◆ WHAT YOU SHOULD DO: Starting from the line that holds "Henry Inman (1801-1846)", output exactly each line through the end of the listing. Do not copy pictures.

SUPPLIED INFORMATION START

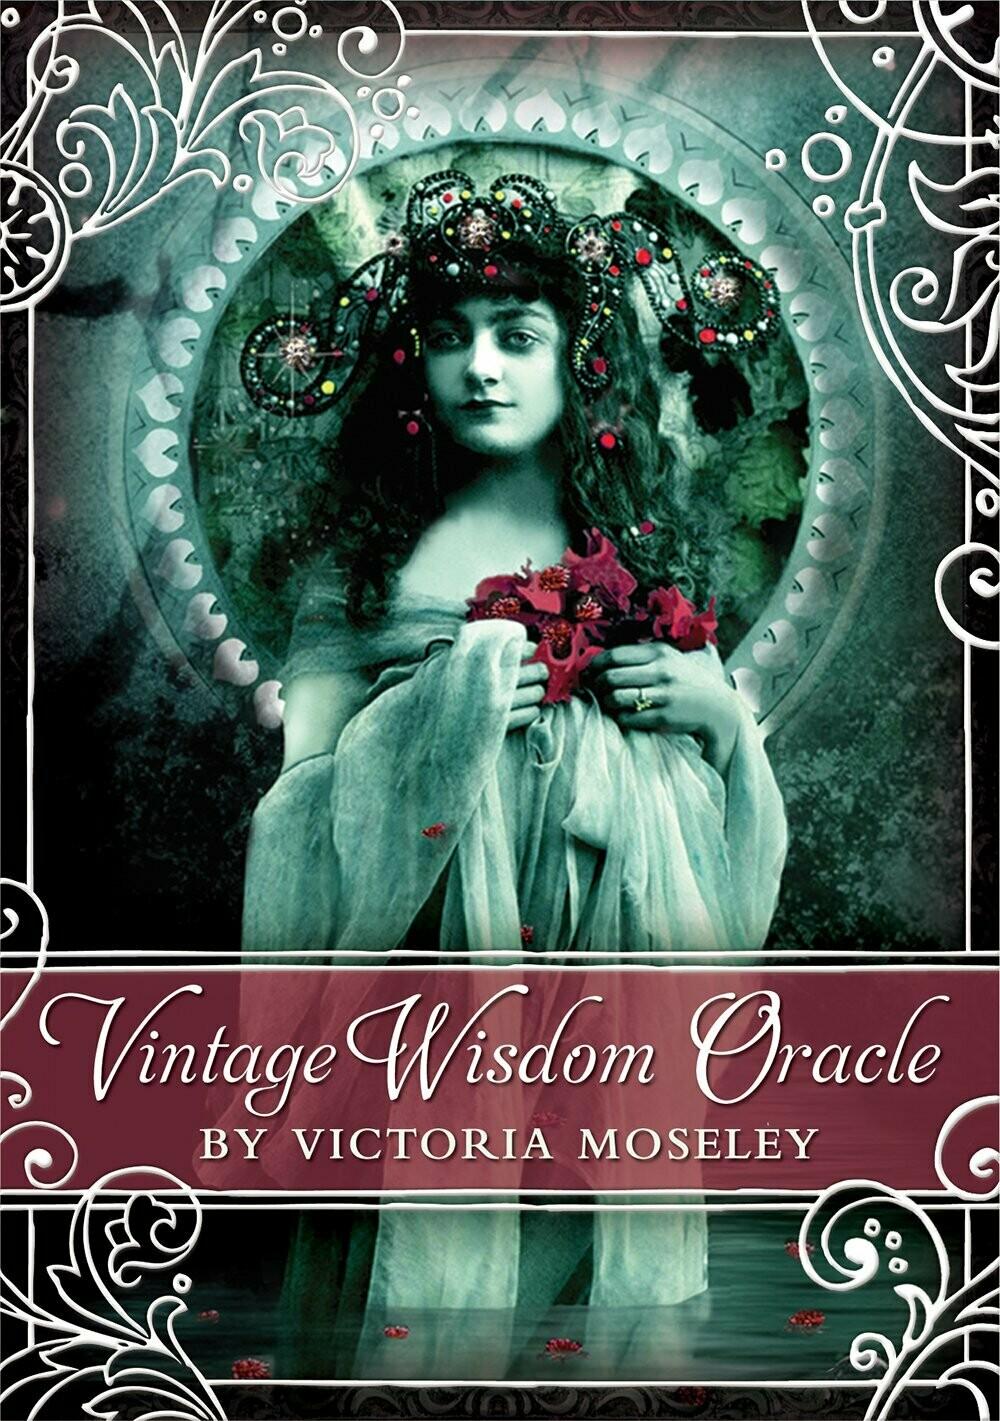 Vintage Wisdom Oracle by Victoria Moseley
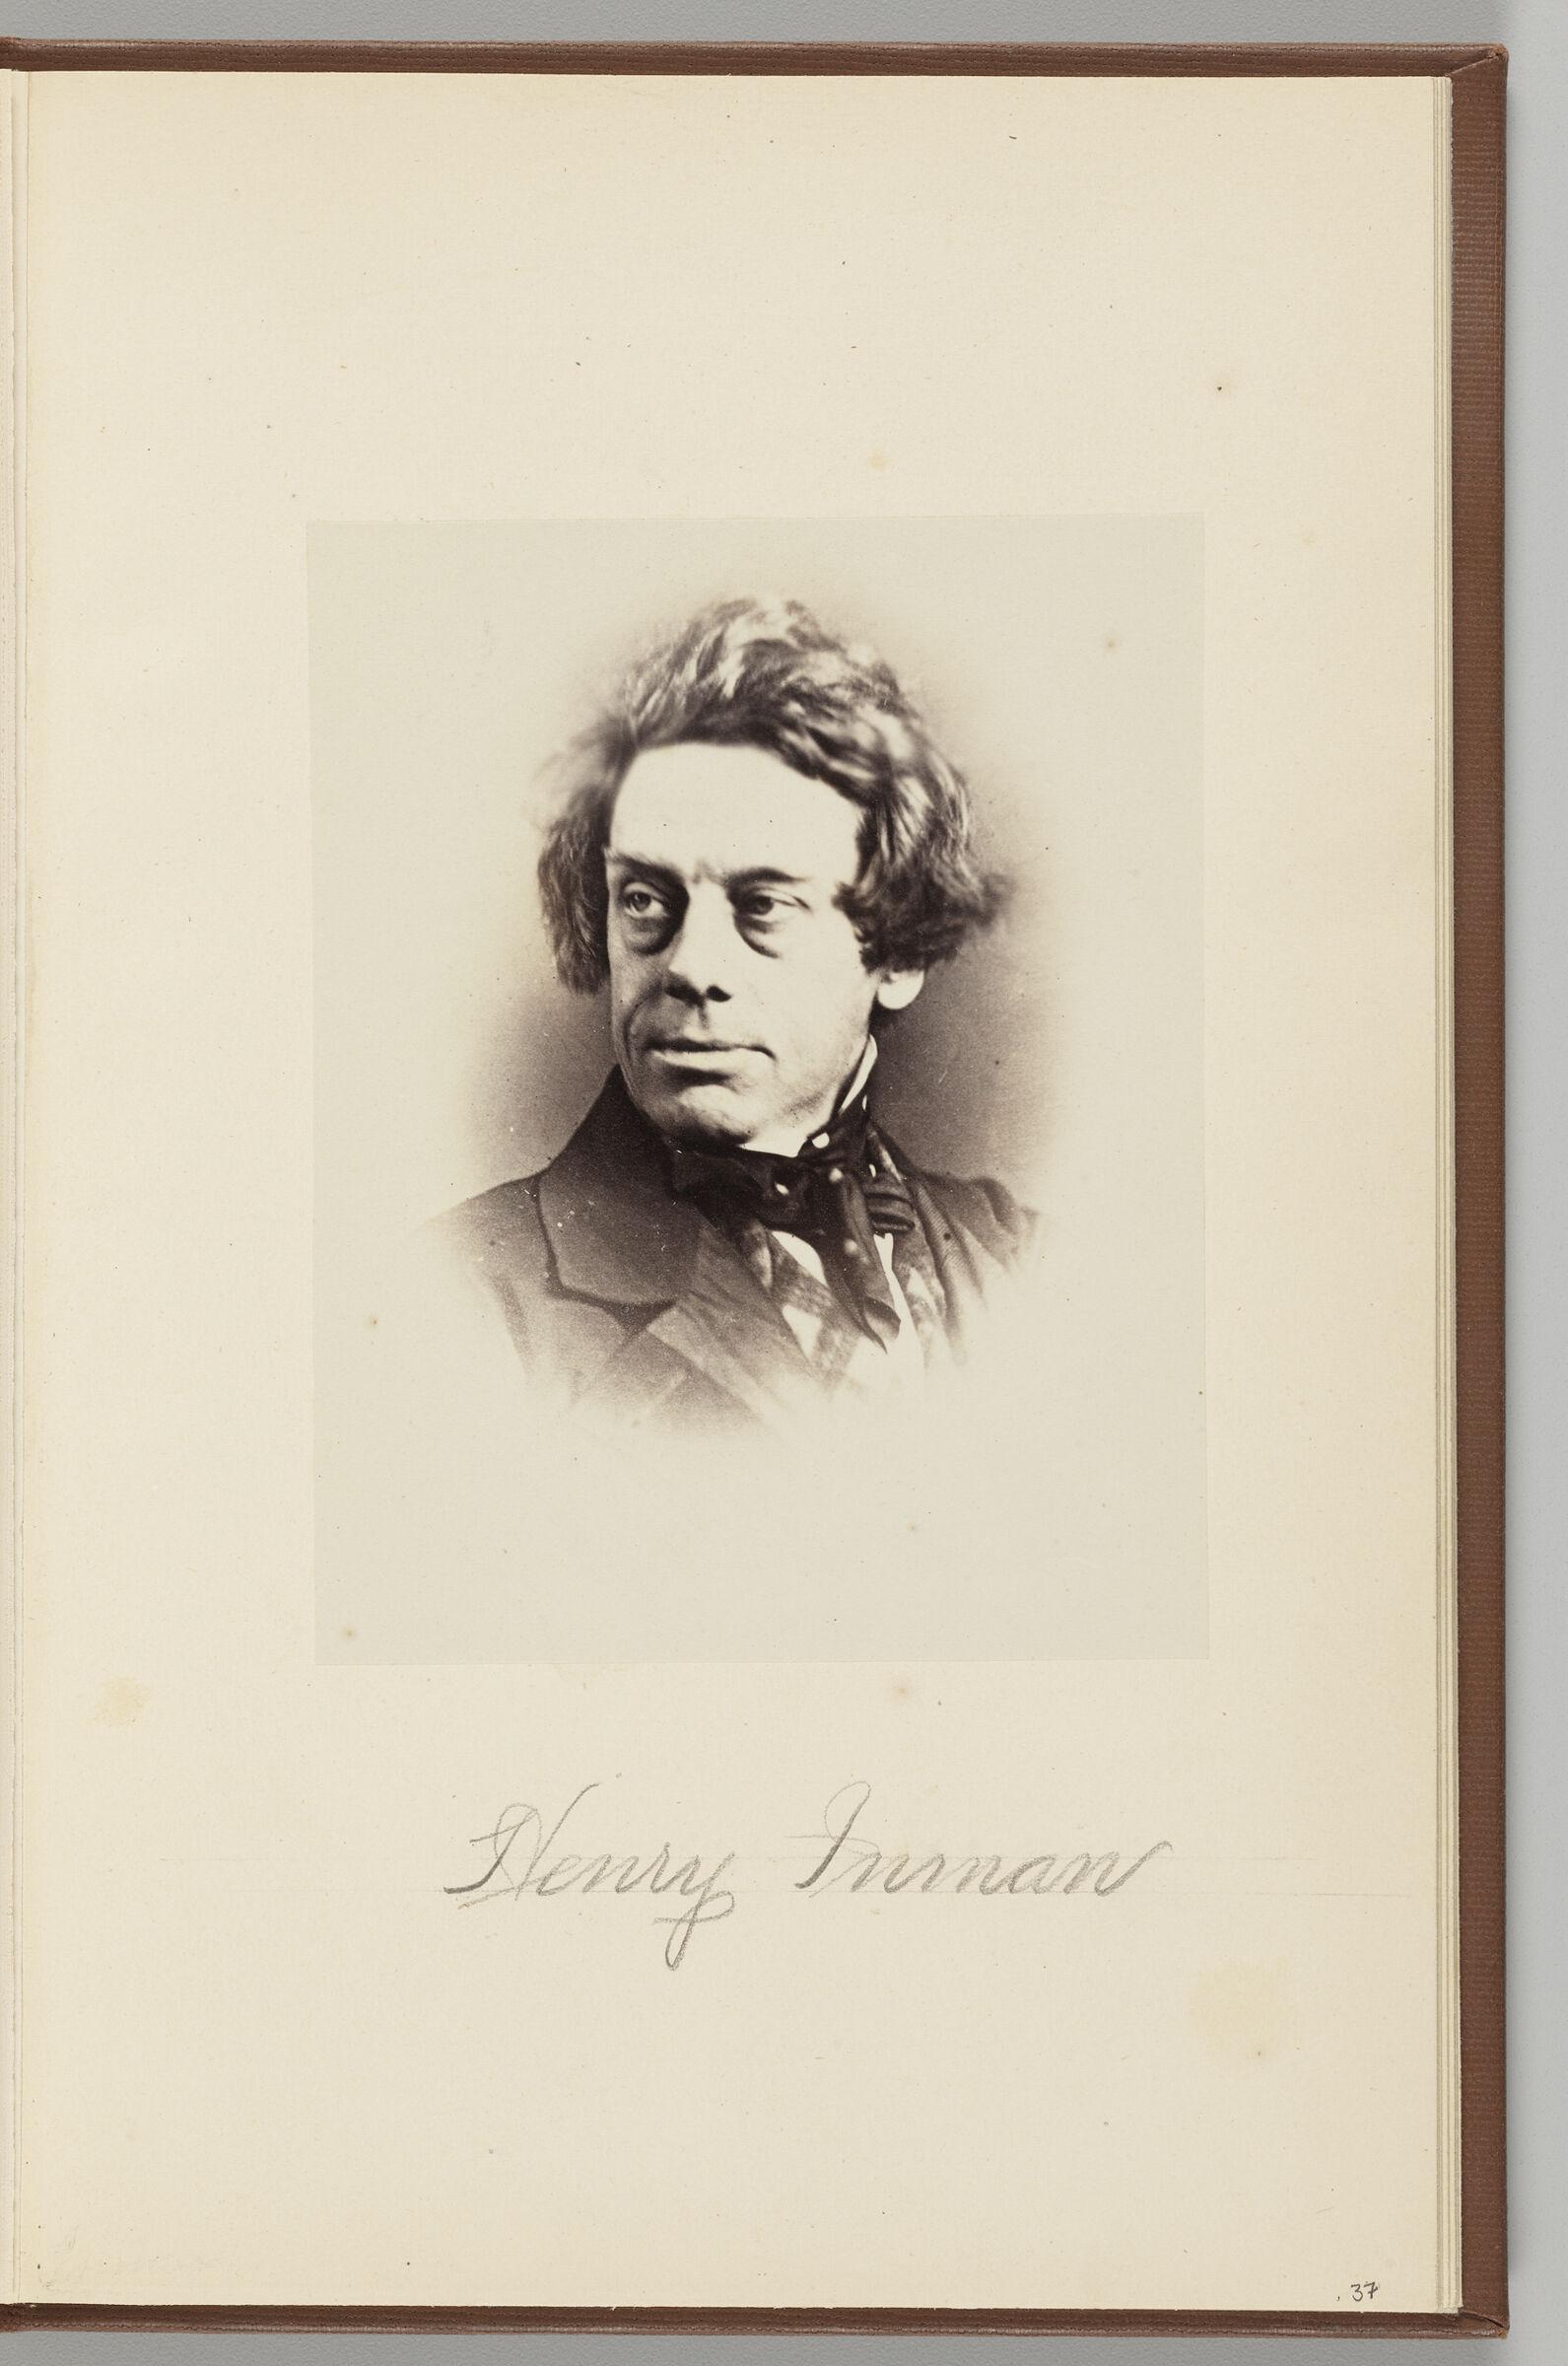 Henry Inman (1801-1846)
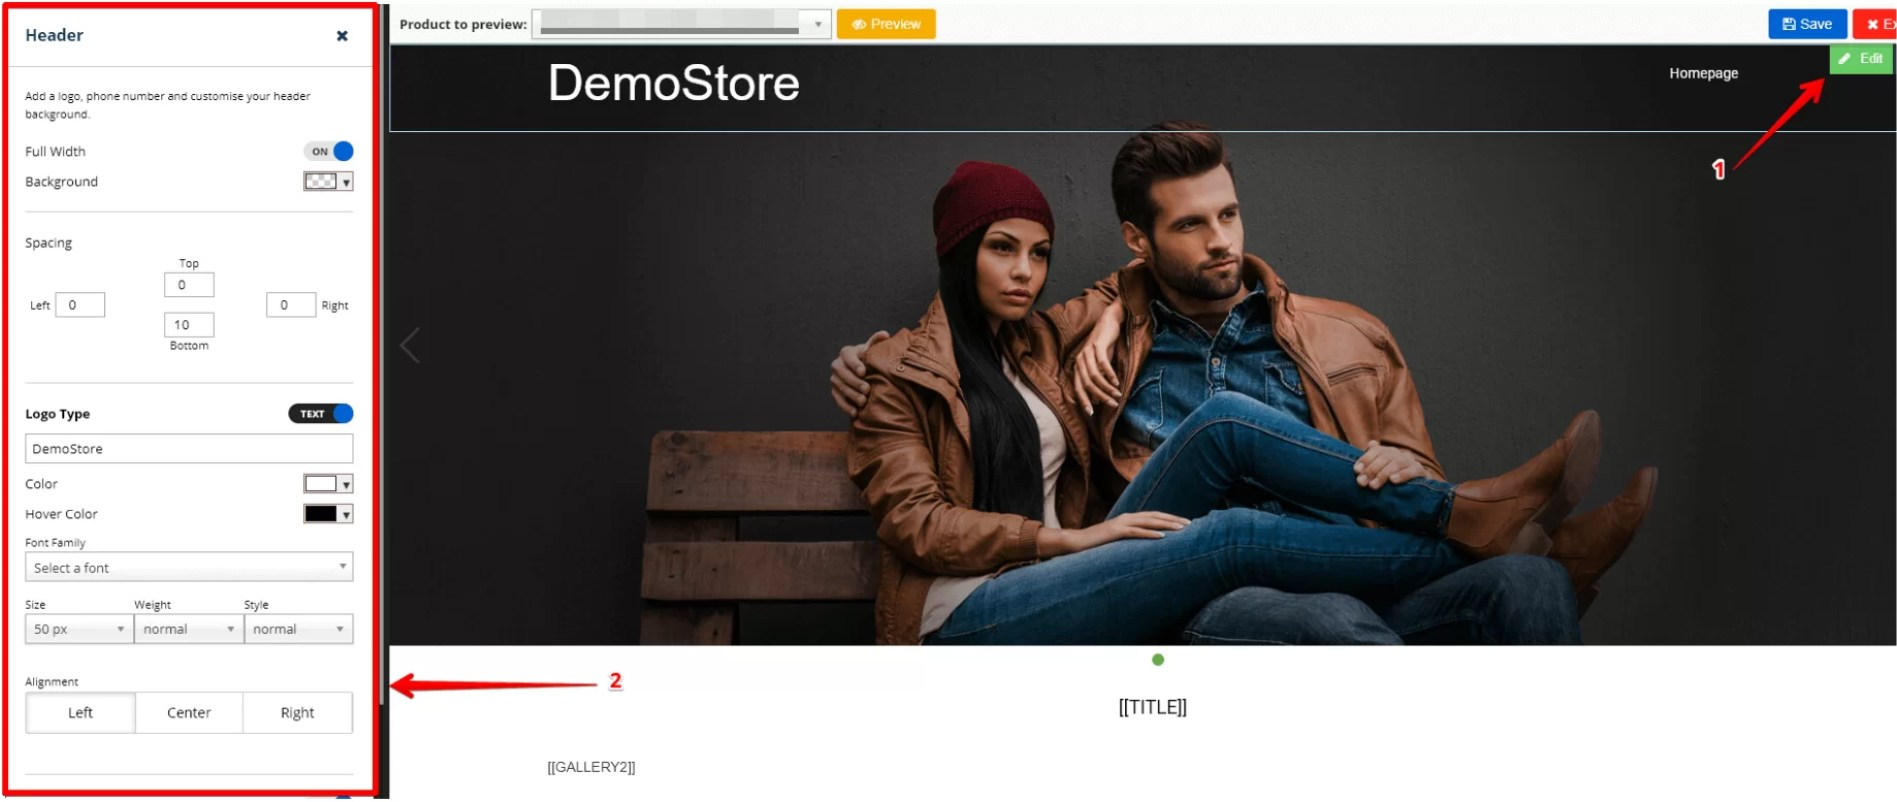 ebay Listing template Editing options

SUPPLIED INFORMATION END

◆ RESULT OF THE TASK:
 Henry Inman (1801-1846)
 ebay Listing template Editing options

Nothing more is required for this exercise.